Non-human prolyl-hydroxylation occurred on moss-derived rhEPO which has been secreted to the medium of the moss bioreactor culture. Therefore, we concluded that the P4H enzyme responsible for post-translational rhEPO modification is located in the secretory compartments, i.e. the endoplasmic reticulum (ER) or the Golgi apparatus. All sequences display a hydrophobic segment near the N-terminus following a positively charged residue, suggesting a localization of the proteins in the secretory compartments40. However, we examined the subcellular localization of the seven moss P4Hs in silico with four different programs based on different algorithms. As no consistent prediction was obtained by this approach (Supplementary Table S1 online) we subsequently studied the in vivo intracellular localization of each of the seven moss P4Hs by expressing them as GFP (green fluorescent protein) fusions (P4H-GFP) in moss cells. Transfected cells were analysed via Confocal Laser Scanning Microscopy. In optical sections recorded 3–14 days after transfection, GFP signals from all seven different P4H fusion proteins were predominantly detected as defined circular structures around the nucleus, indicating labelling of the nuclear membrane (Fig. 1). As the nuclear membrane is part of the endomembrane continuum of eukaryotic cells, these signals reveal that all seven moss P4Hs were targeted to the secretory compartments. An ER-targeted GFP version (ASP-GFP-KDEL41) as well as GFP without any signal peptide displaying GFP fluorescence in the cytoplasm as well as the nucleus41 served as controls. Thus, these experiments provided no clear indication of a specific P4H responsible for generation of Hyp on secreted rhEPO but left all of them as candidates.

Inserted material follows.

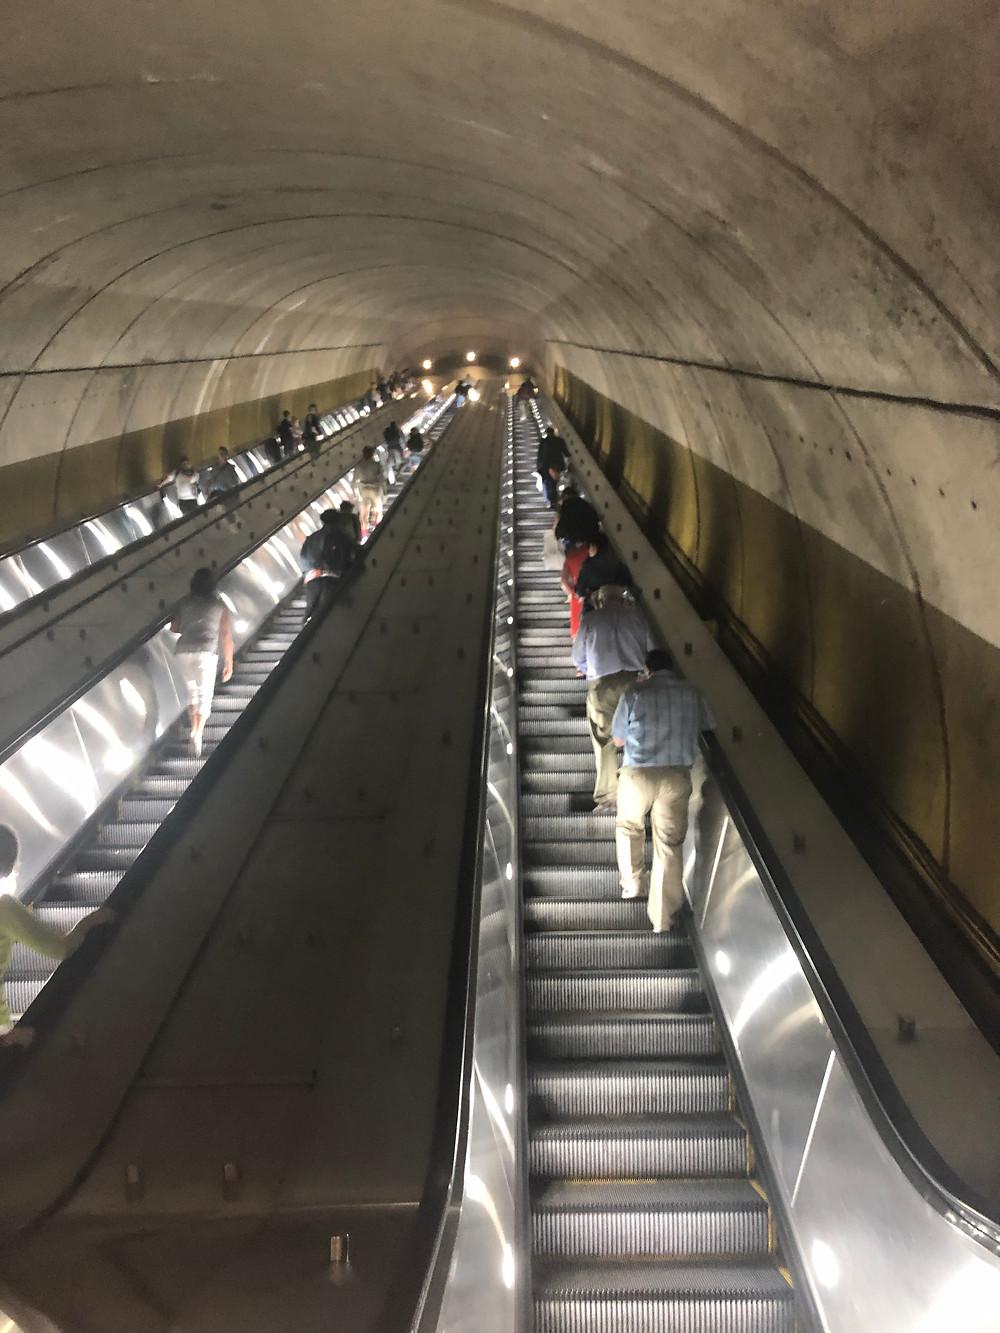 Washington D.C. Subway

Subcellular localization of P. patens P4H homologues.
Fluorescence of P4H-GFP fusion proteins in P. patens protoplasts was observed by confocal microscopy 3 to 14 days after transfection. The images obtained for P4H1-GFP, P4H3-GFP and P4H4-GFP are taken as example of the fluorescence pattern which was observed for all homologues. (a–c) P4H1-GFP, (d–f) P4H3-GFP, (g–i) P4H4-GFP, (j–l) ASP-GFP-KDEL as control for ER localization, (m–o) GFP without any signal peptide as control for cytosolic localization. (a, d, g, j and m) single optical sections emitting GFP fluorescence (494–558 nm), (b, e, h, k and n) merge of chlorophyll autofluorescence (601–719 nm) and GFP fluorescence, (c, f, i, l and o) transmitted light images. The arrows indicate the cell nucleus membrane.
In order to definitely identify those homologues responsible for plant-typical prolyl-hydroxylation of moss-produced rhEPO we aimed to ablate the gene functions of each of the moss P4Hs. Accordingly, gene targeting constructs (Supplementary Fig. S3 online) were designed for the six P4H genes and transferred to the rhEPO-producing moss line 174.1624 to generate specific deletion (knockout, KO) lines by allele replacement via homologous recombination for each of the P4H genes. After antibiotic selection, surviving plants were screened for homologous integration of the KO construct into the correct genomic locus. Loss of the respective transcript was proven by RT-PCR (Supplementary Fig. S4 online), confirming successful gene ablation. Even if truncated N-terminal P4H fragments might exist, we can exclude any residual enzymatic activity as critical catalytic residues are located in the C-terminus of the P4H family (Supplementary Fig. S2 online). One line for each genetic modification was chosen for further analysis and stored in the International Moss Stock Center (http://www.moss-stock-center.org; Supplementary Table S3 online).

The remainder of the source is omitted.